▸ **Provided entries**
+---+

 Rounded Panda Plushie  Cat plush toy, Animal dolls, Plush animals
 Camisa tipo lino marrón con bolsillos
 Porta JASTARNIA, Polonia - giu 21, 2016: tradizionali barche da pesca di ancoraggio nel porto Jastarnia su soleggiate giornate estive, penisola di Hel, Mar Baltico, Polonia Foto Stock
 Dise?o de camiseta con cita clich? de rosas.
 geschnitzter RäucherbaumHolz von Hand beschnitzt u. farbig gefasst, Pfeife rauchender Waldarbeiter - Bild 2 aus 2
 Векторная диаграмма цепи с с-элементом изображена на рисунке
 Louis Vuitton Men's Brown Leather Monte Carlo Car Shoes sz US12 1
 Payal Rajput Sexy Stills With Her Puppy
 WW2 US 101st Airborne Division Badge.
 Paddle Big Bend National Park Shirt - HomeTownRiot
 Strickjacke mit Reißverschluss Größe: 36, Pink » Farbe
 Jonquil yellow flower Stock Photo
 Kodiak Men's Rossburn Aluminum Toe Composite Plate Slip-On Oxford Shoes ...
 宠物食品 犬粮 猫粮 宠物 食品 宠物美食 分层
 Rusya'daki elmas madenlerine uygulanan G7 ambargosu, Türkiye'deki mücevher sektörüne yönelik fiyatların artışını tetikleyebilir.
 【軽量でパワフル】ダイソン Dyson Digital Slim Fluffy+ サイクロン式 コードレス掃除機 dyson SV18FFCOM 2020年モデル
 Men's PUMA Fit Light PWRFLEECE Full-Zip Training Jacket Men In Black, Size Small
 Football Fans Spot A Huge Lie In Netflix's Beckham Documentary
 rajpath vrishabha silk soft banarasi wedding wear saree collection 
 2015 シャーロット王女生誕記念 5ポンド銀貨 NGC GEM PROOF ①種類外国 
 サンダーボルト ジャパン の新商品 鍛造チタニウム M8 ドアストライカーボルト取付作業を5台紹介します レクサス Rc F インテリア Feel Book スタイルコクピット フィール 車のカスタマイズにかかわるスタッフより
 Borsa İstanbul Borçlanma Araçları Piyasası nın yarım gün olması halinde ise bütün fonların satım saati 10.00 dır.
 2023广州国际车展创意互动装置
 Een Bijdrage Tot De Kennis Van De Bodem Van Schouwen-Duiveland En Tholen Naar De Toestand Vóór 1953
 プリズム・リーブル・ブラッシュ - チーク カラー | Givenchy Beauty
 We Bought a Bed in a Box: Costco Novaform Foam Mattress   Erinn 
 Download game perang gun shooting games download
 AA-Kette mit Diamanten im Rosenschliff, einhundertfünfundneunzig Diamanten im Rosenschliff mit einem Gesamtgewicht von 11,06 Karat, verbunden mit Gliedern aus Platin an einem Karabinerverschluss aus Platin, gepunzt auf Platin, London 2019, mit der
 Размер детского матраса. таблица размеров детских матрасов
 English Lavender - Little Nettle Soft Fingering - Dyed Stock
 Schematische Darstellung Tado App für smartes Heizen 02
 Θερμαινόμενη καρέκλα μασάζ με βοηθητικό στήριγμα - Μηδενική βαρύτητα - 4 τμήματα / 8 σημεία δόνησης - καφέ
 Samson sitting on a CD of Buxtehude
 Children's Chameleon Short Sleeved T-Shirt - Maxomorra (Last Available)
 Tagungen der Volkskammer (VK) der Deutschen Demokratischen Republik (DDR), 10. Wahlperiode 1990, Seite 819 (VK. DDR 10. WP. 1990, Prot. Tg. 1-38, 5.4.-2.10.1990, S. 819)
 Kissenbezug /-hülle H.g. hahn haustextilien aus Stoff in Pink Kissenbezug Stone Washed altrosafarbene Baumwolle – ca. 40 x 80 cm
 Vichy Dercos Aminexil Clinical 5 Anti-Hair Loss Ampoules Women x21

+---+

▸ **What is required**
Output only the lines from the line that contains "Tagungen der Volkskammer" through the end of the entries, both included, exactly as they appear.

▸ **Completed exercise**
 Tagungen der Volkskammer (VK) der Deutschen Demokratischen Republik (DDR), 10. Wahlperiode 1990, Seite 819 (VK. DDR 10. WP. 1990, Prot. Tg. 1-38, 5.4.-2.10.1990, S. 819)
 Kissenbezug /-hülle H.g. hahn haustextilien aus Stoff in Pink Kissenbezug Stone Washed altrosafarbene Baumwolle – ca. 40 x 80 cm
 Vichy Dercos Aminexil Clinical 5 Anti-Hair Loss Ampoules Women x21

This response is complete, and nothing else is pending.